To keep your sushi meals nutritionally balanced, remember to include sources of essential nutrients like B12 through fortified foods or supplements.
Bonus Tips
- Don’t be shy with the sesame seeds—think of them as tiny, crunchy confetti for your sushi party.
- Feeling fancy? Swap watercress for fresh basil or mint and watch your taste buds do a happy dance.
- If your sushi rolls look a little wonky, just call it “artisan” and serve with extra ginger-tamari sauce for backup.
Why You’ll Love It
This sesame sushi is like a flavor party that your taste buds didn’t know they were invited to—crispy, creamy, and just a little tangy, all rolled into one bite. It’s a speedy kitchen win that even sushi rookies can nail without sweating rice grains everywhere.

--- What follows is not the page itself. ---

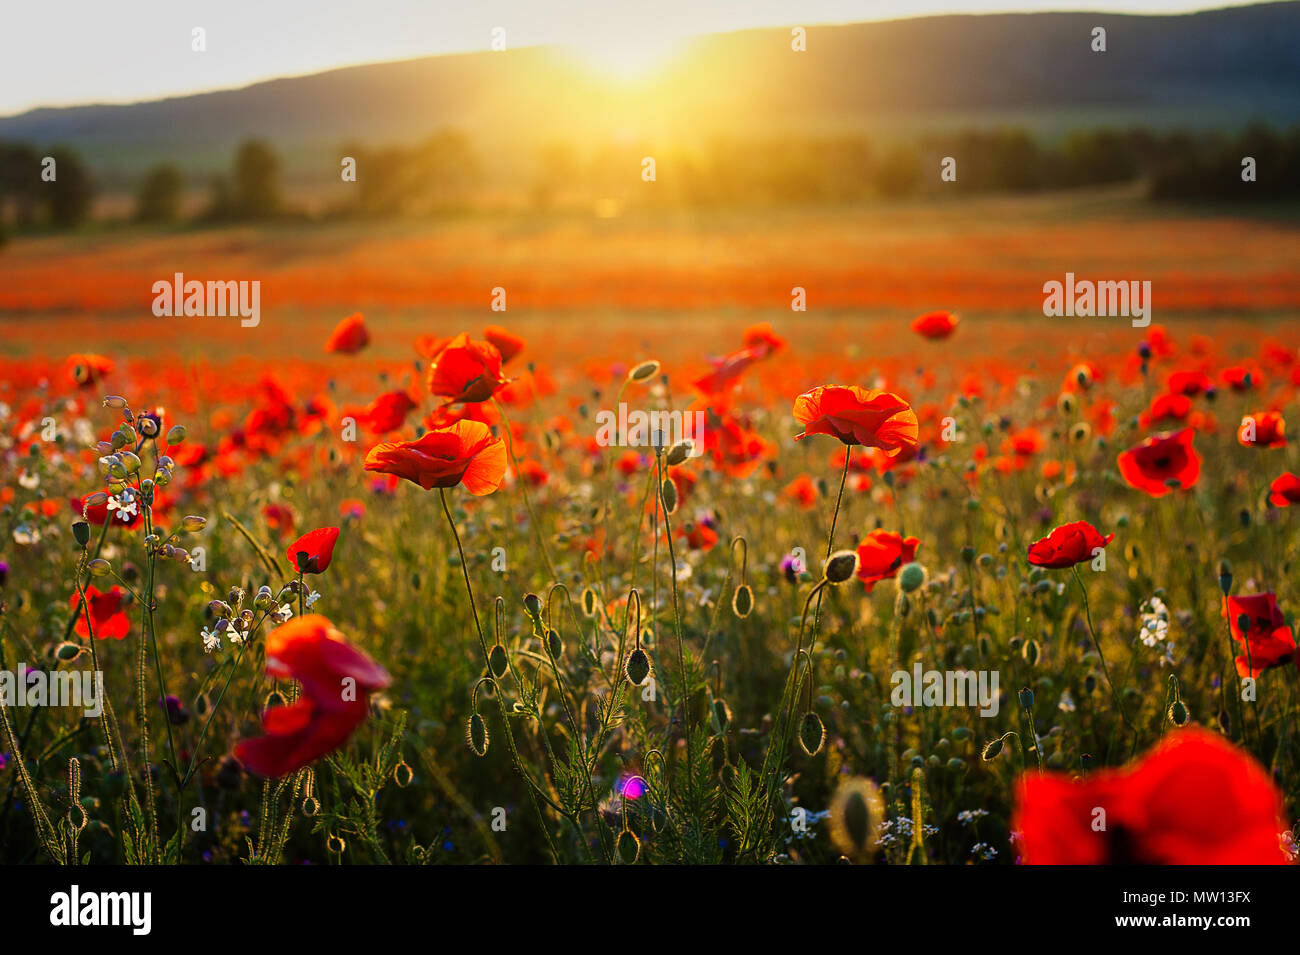 Hermosa imagen de campos de adormidera en Italia atardecer de verano. Foto de stock

Plus, it’s a total chameleon—swap in your fave veggies or whatever’s lurking in the fridge, and boom, new sushi vibes. Vegan? Check. Fun? Double check. Sushi night just got a whole lot cooler.
Nutritional Info
These are estimated values.
Calories: 250
Protein: 8 g
Carbohydrates: 35 g
Fat: 7 g
Nutrition estimates are provided for vibe-check purposes only — they aren’t legally binding promises of eternal health or six-pack abs.